WHAT TO PRODUCE —
Any picture must be dropped, but each line of the data should be duplicated exactly.

DATASET CONTENT —
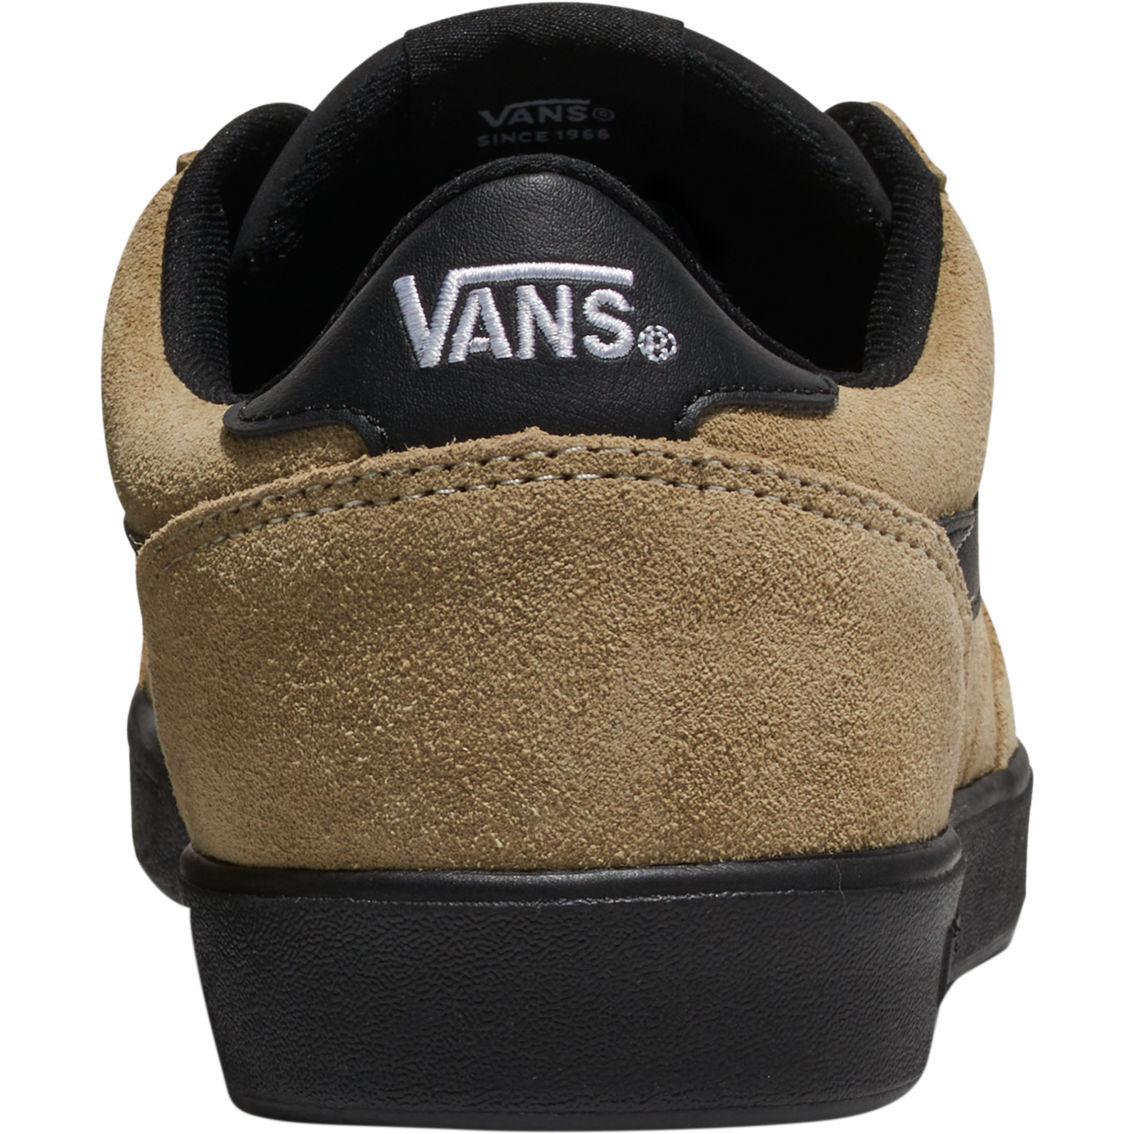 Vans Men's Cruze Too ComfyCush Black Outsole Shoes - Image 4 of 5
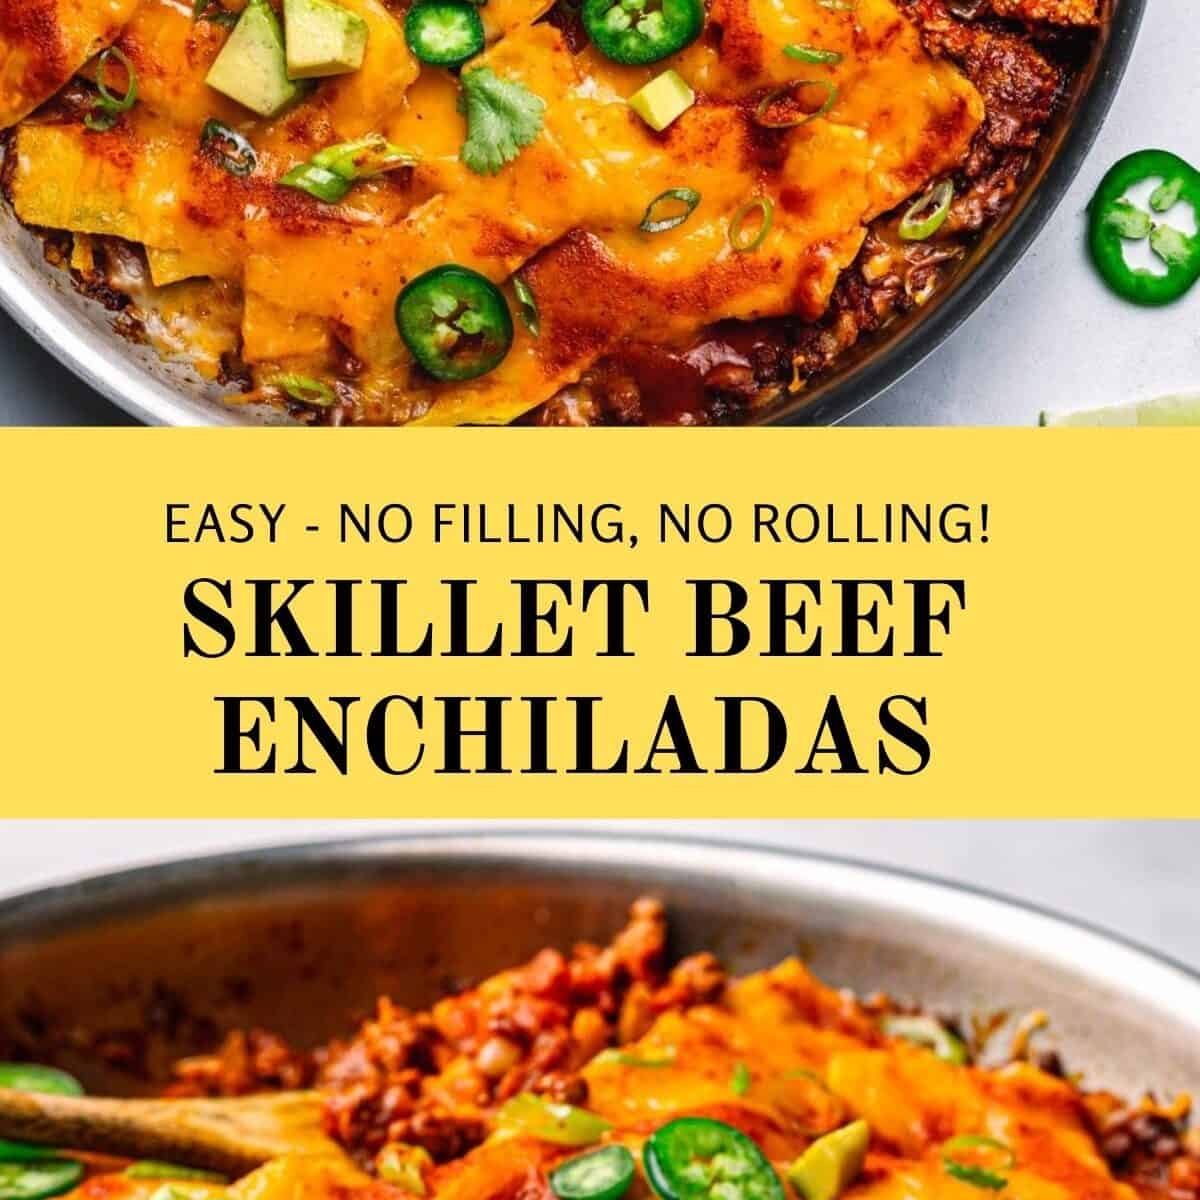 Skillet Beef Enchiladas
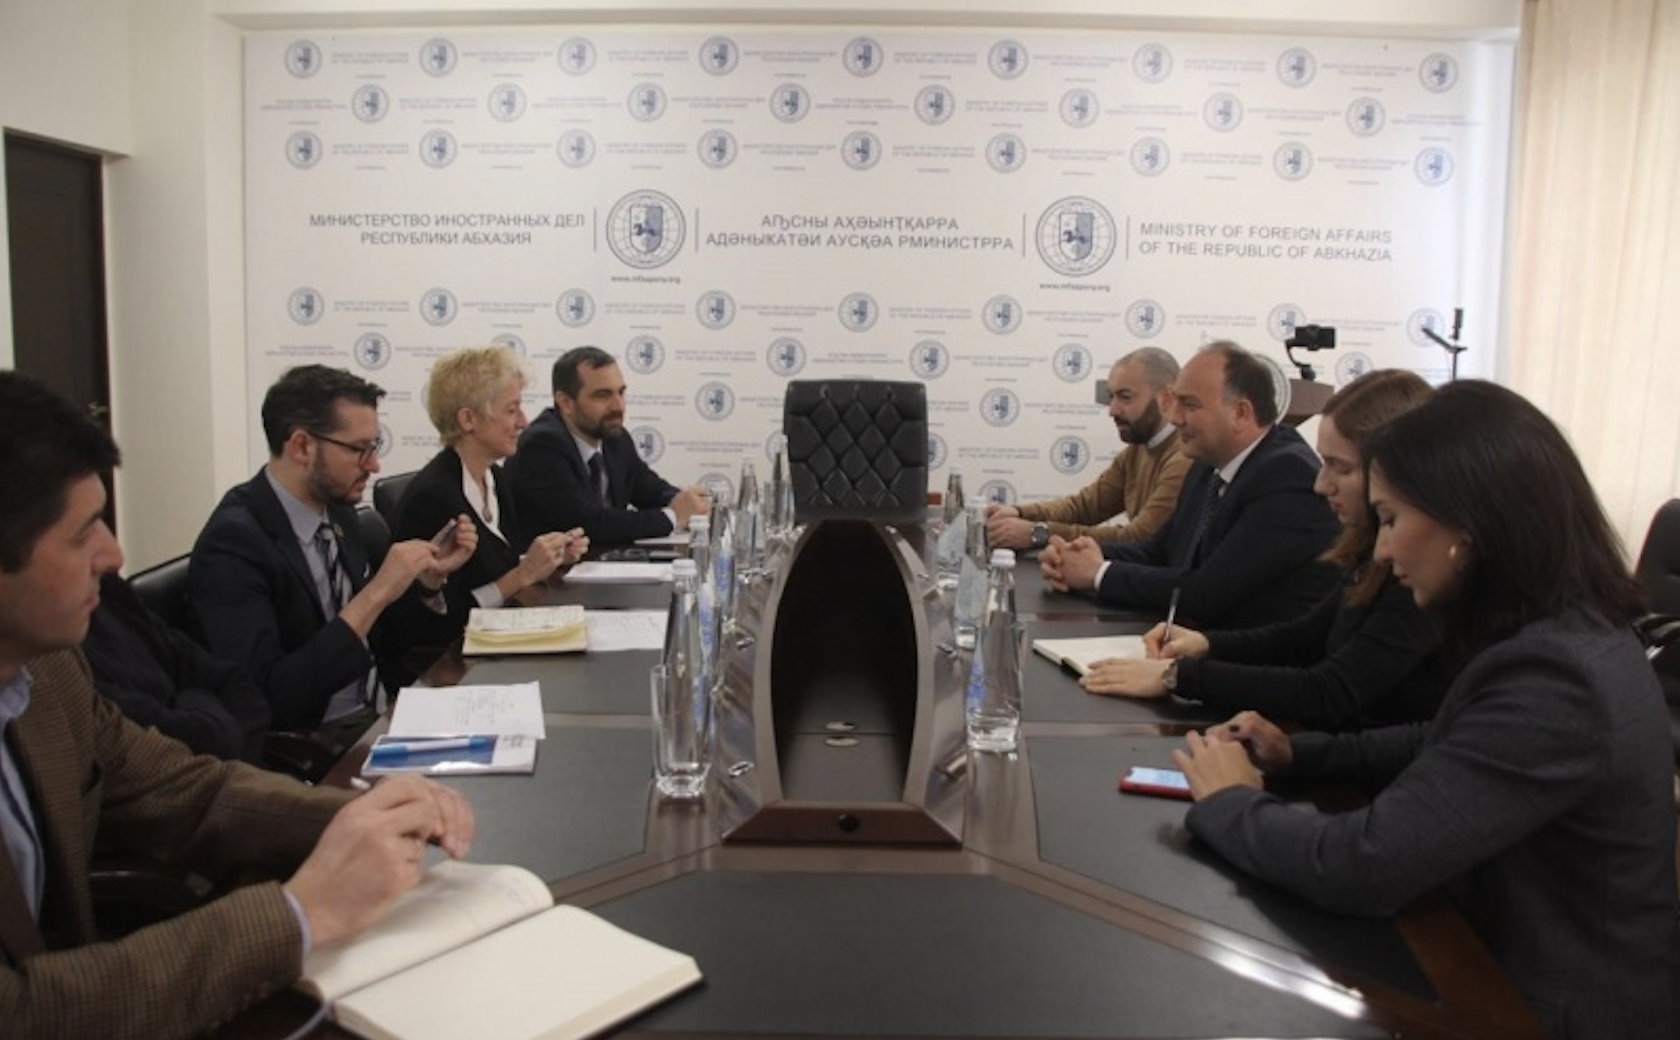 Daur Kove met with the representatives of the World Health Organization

RESPONSE TO THIS TASK —
 Vans Men's Cruze Too ComfyCush Black Outsole Shoes - Image 4 of 5
 Skillet Beef Enchiladas
 Daur Kove met with the representatives of the World Health Organization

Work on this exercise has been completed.